• SOURCE DATA:
"""
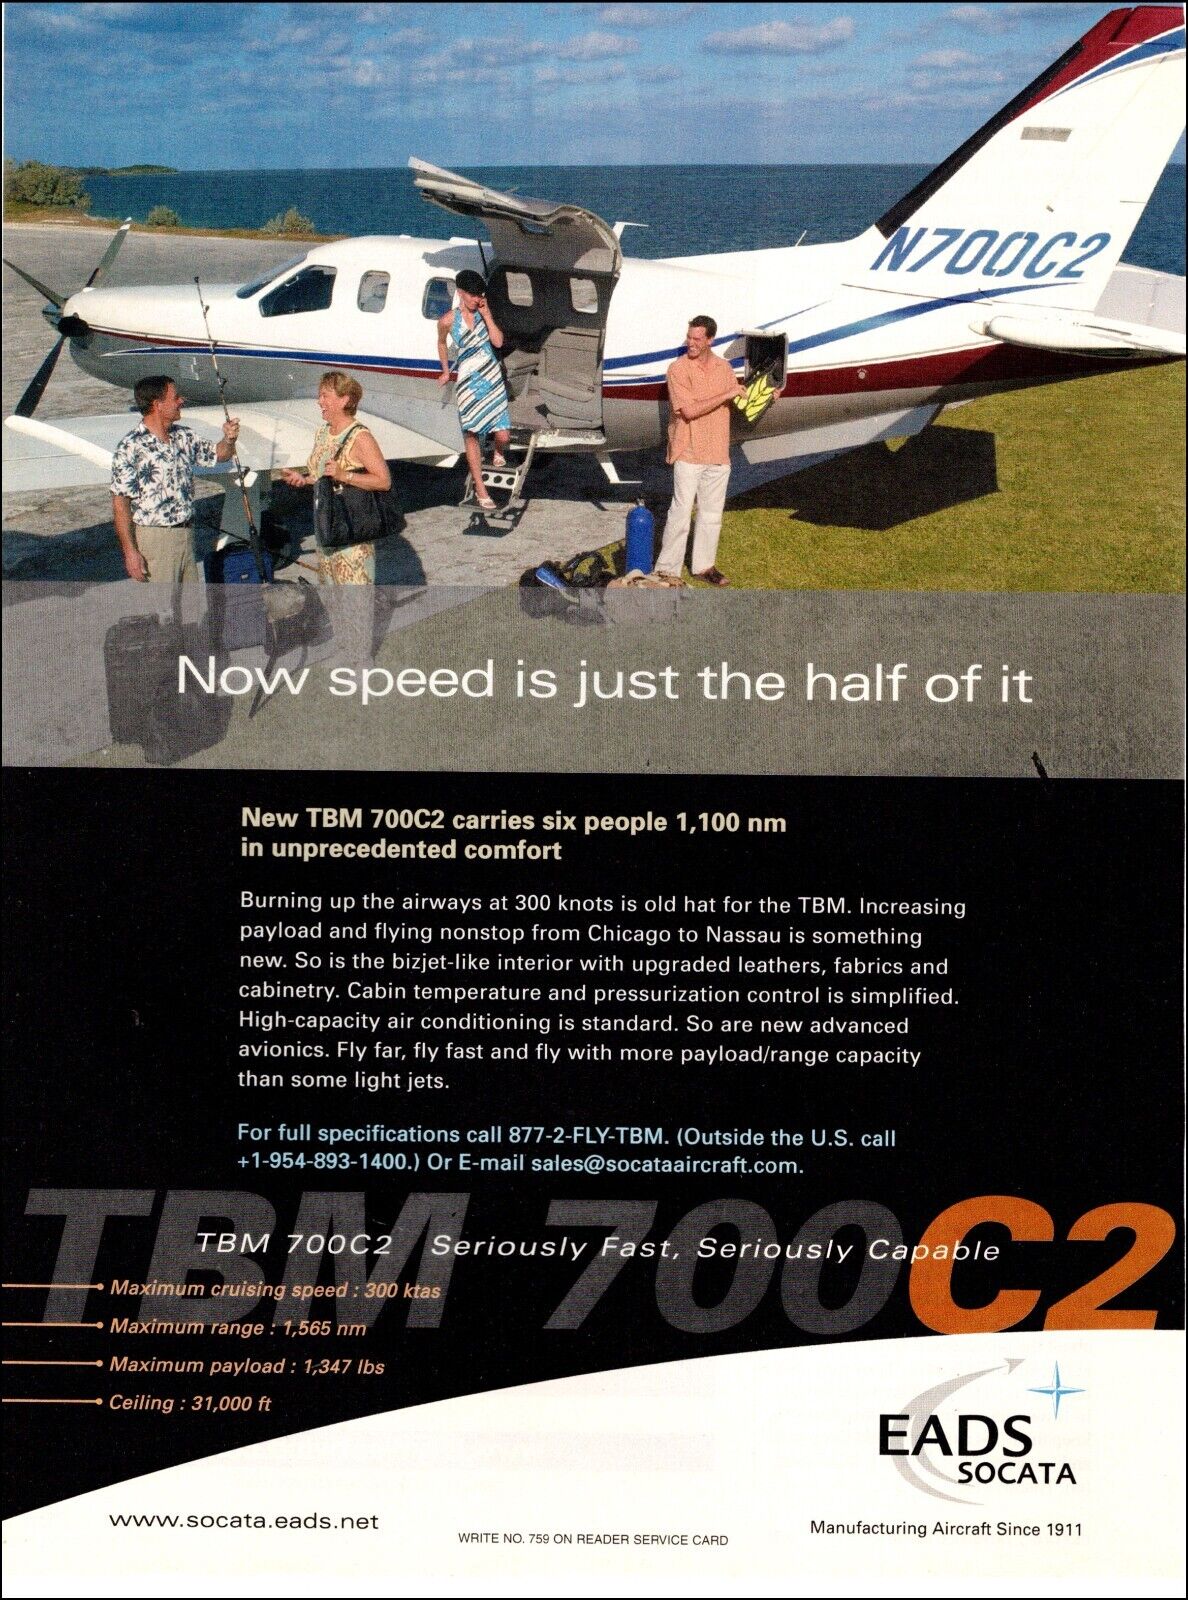 2004 magazinr aircraft AD TBM 700C2 6 seat 1100 miles 300+mph Eads Socata 062922
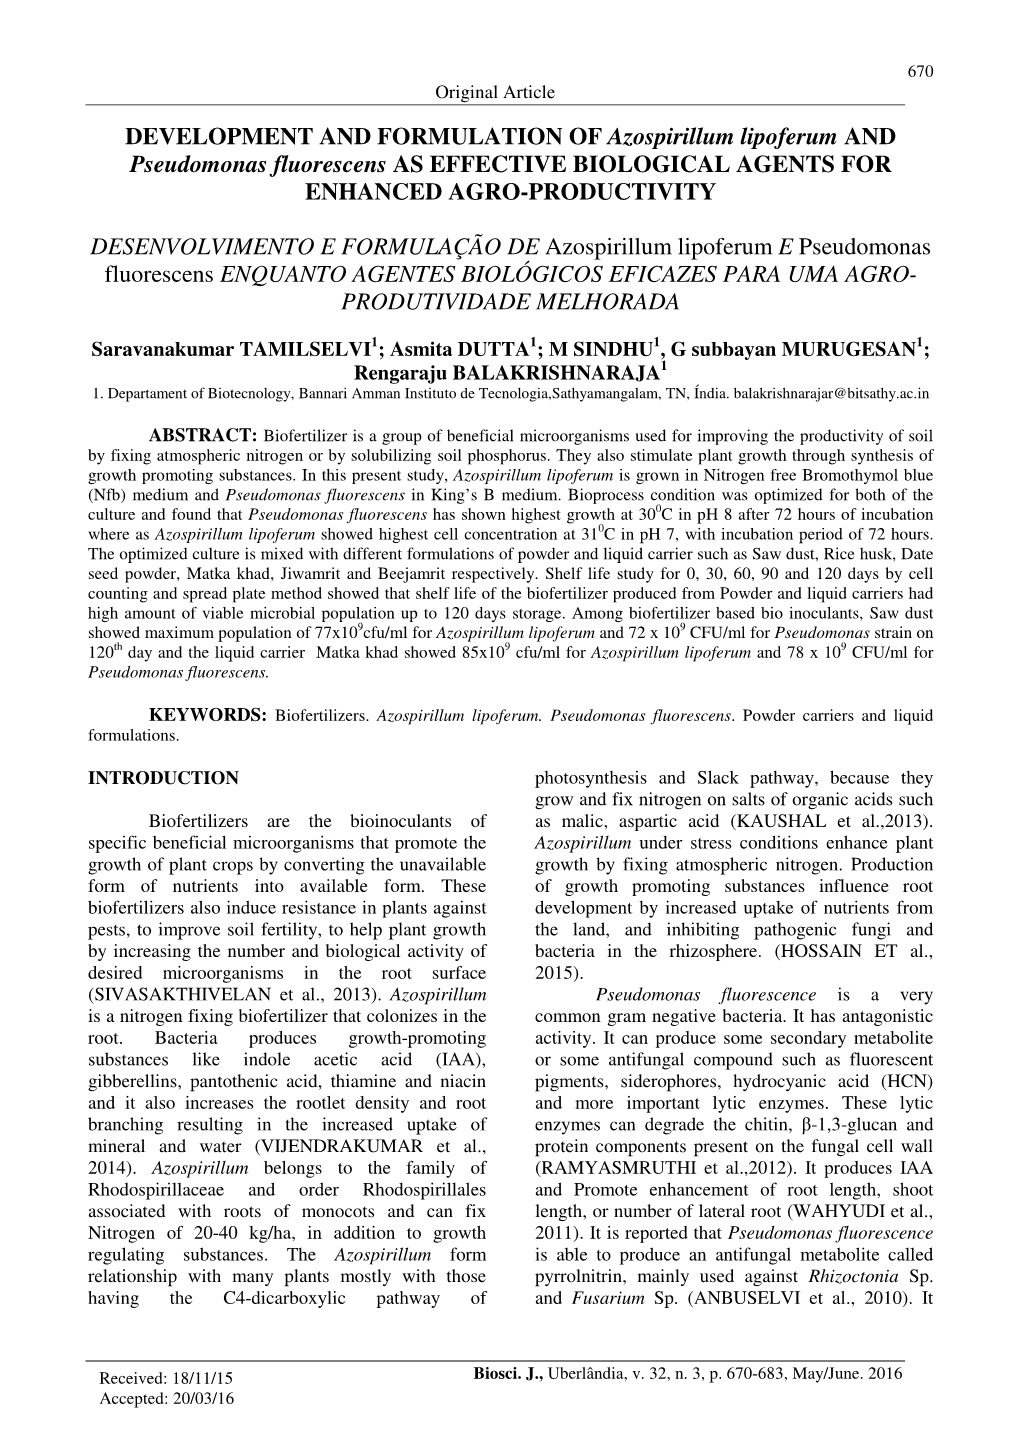 DEVELOPMENT and FORMULATION of Azospirillum Lipoferum and Pseudomonas Fluorescens AS EFFECTIVE BIOLOGICAL AGENTS for ENHANCED AGRO-PRODUCTIVITY
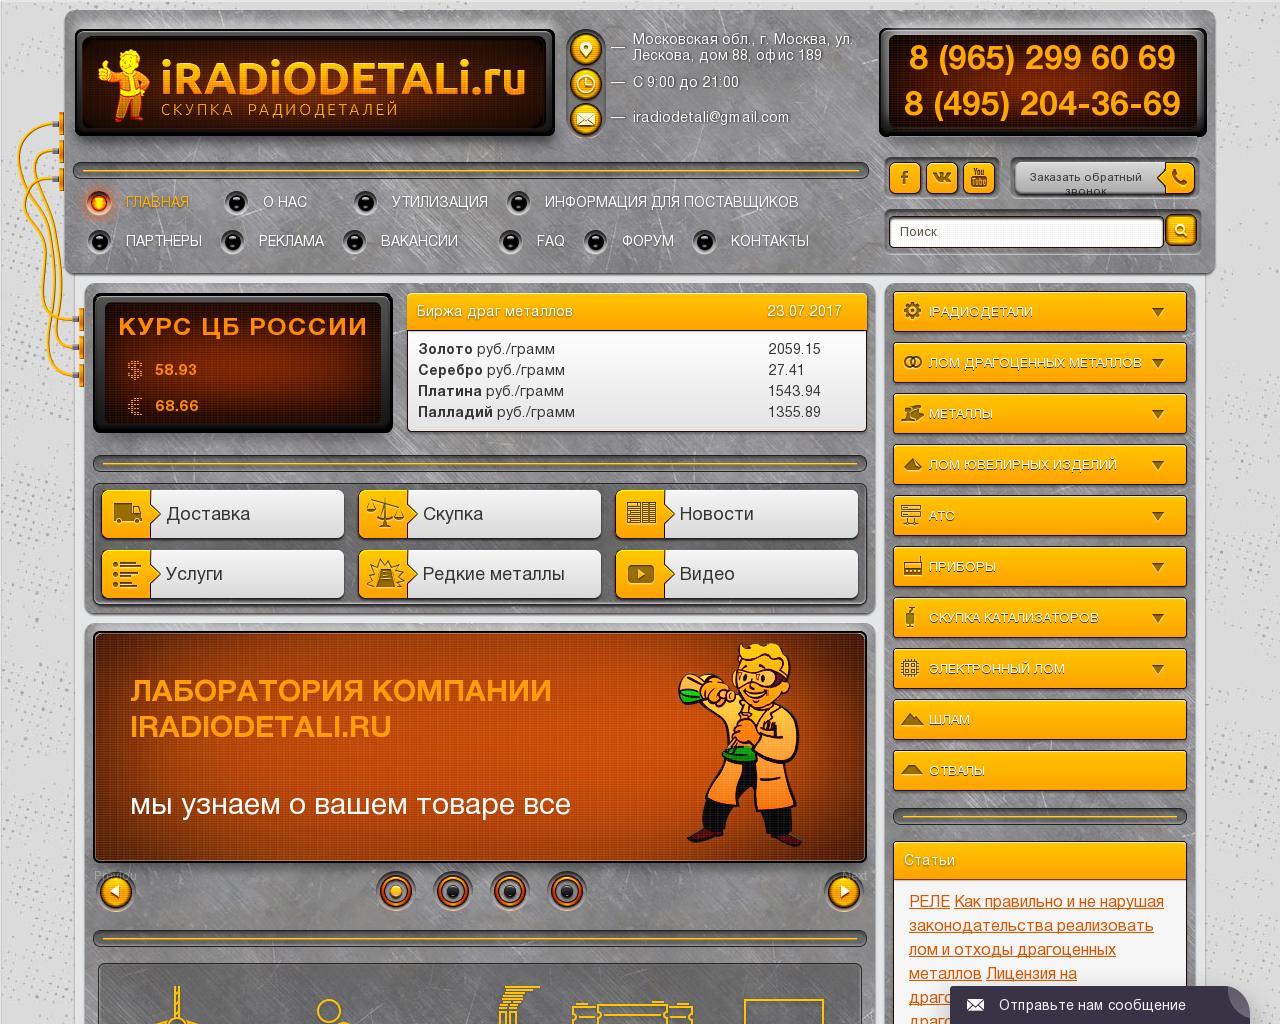 Изображение сайта iradiodetali.ru в разрешении 1280x1024
"""
• AIM OF THE TASK: Write out the material above exactly. Skip the pictures.

• OUTPUT OF THE TASK:
 2004 magazinr aircraft AD TBM 700C2 6 seat 1100 miles 300+mph Eads Socata 062922
 DEVELOPMENT and FORMULATION of Azospirillum Lipoferum and Pseudomonas Fluorescens AS EFFECTIVE BIOLOGICAL AGENTS for ENHANCED AGRO-PRODUCTIVITY
 Изображение сайта iradiodetali.ru в разрешении 1280x1024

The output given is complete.